The state's high court will weigh in on whether Amazon is strictly liable for a third-party vendor's defective product.

The court’s decision came in the case of Oberdorf v. Amazon.com, in which the plaintiff was injured when a dog leash, purchased on Amazon, broke and hit her in the face. Photo: Frederic Legrand/Shutterstock

Unable to predict whether the Pennsylvania Supreme Court would hold Amazon strictly liable for a third-party vendor’s defective product, the U.S. Court of Appeals for the Third Circuit has sent the case to the state high court, asking it to weigh in.

The court’s decision came in the case of Oberdorf v. Amazon.comin which the plaintiff was injured when a dog leash, purchased on Amazon, broke and hit her in the face. The central question in the case was whether the Restatement (Second) of Torts Section 402A applies to Amazon.

“This is an issue of first impression and substantial public importance, yet we cannot discern if and how Section 402A applies to Amazon. We are, as a result, unable to predict how the Pennsylvania Supreme Court would rule in this dispute,” Chief Judge D. Brooks Smith wrote in the court’s order.

The ruling comes after the Third Circuit reheard the case before the entire panel of judges. Prior to that, a split court ruled 2-1 that Amazon could be held liable.

Amazon had argued that, under the test outlined in a 1989 Pennsylvania Supreme Court decision, it could not be held liable as a “seller,” but Senior Judge Jane Richards Roth, who wrote the Third Circuit’s July majority opinion, determined that because the company was in a position to prevent the circulation of defective products and because imposing liability would incentivize safety that test weighed more in favor of designating the company as a “seller” under 402A.

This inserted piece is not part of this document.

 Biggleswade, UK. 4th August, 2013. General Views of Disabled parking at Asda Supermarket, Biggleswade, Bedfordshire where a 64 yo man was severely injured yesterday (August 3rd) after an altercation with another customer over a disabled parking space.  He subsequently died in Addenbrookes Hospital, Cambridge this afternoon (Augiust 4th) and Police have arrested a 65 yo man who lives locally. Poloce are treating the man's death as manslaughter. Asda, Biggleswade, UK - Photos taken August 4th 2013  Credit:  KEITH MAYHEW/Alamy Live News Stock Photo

“Amazon’s customers are particularly vulnerable in situations like the present case,” Roth said. “Neither the [plaintiffs] nor Amazon has been able to locate the third-party vendor, The Furry Gang. Conversely, had there been an incentive for Amazon to keep track of its third-party vendors, it might have done so.”

The ruling bucked a recent trend where both the Fourth and Sixth circuits held that the company could not be liable as a seller under state products liability laws.

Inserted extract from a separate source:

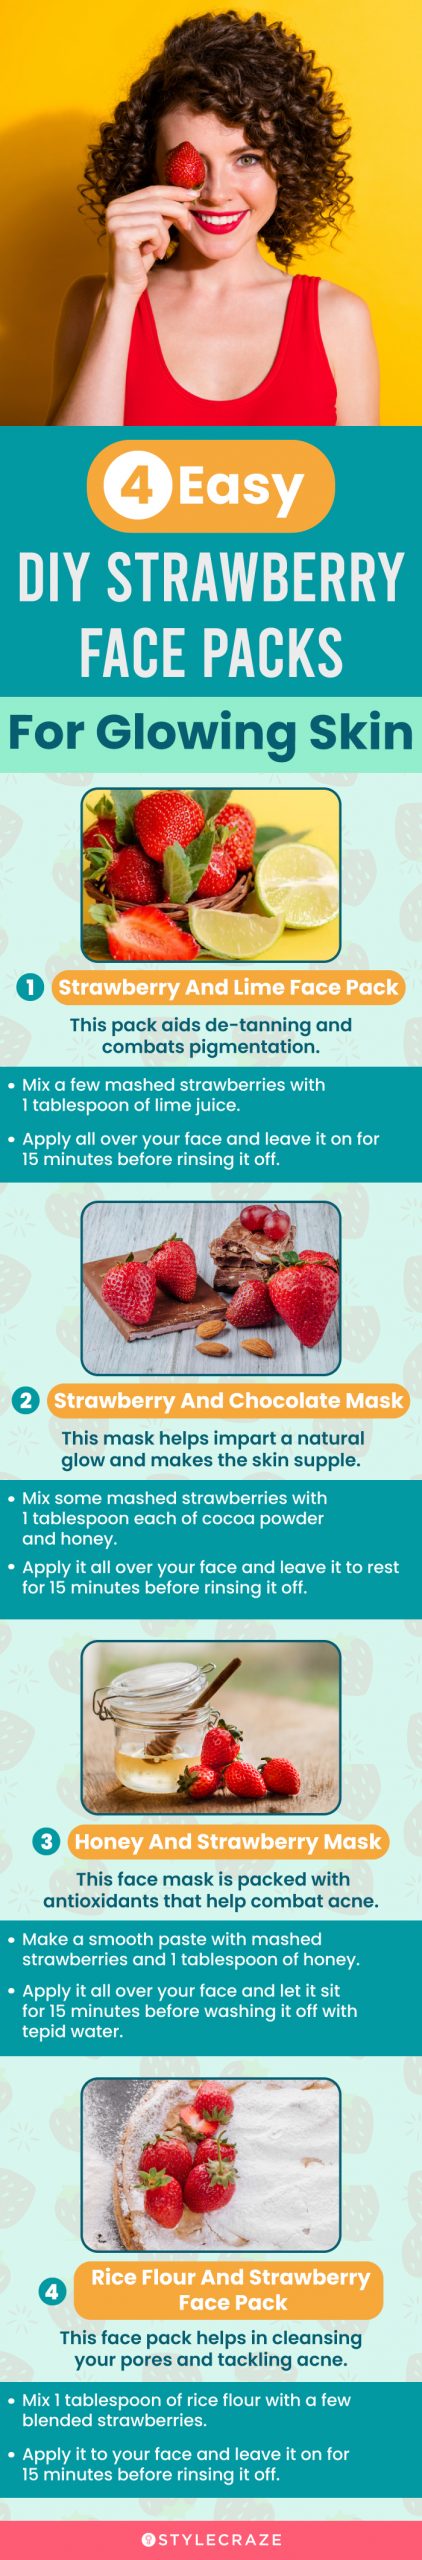 8 Strawberry Face Packs For Glowing Skin

In its request to have the initial ruling reconsidered, Amazon contended that the ruling conflicted with other districts and argued the appeal judges had been acting as “judicial pioneers,” establishing a precedent with “no practical limit.”

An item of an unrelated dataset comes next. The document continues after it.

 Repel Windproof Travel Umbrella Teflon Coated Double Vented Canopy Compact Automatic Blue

“The majority’s decision ‘substantially widen[s]‘ the scope of liability for online stores and marketplaces operating in Pennsylvania, including Amazon, eBay, Walmart Marketplace, and smaller businesses like Etsy, Bonanza, and Jet,” Amazon said in its petition.

David Wilk of Lepley, Engelman, Yaw & Wilk in Williamsport represents the plaintiff.

“Based on the amount of time the en banc panel spent on the issue during the oral argument in February, it really comes as no surprise that the court went in this direction,” he said. “We look forward to presenting our arguments to the Pennsylvania Supreme Court.”

Perkins Coie attorney Brendan Murphy, who is representing Amazon, did not respond to a request for comment.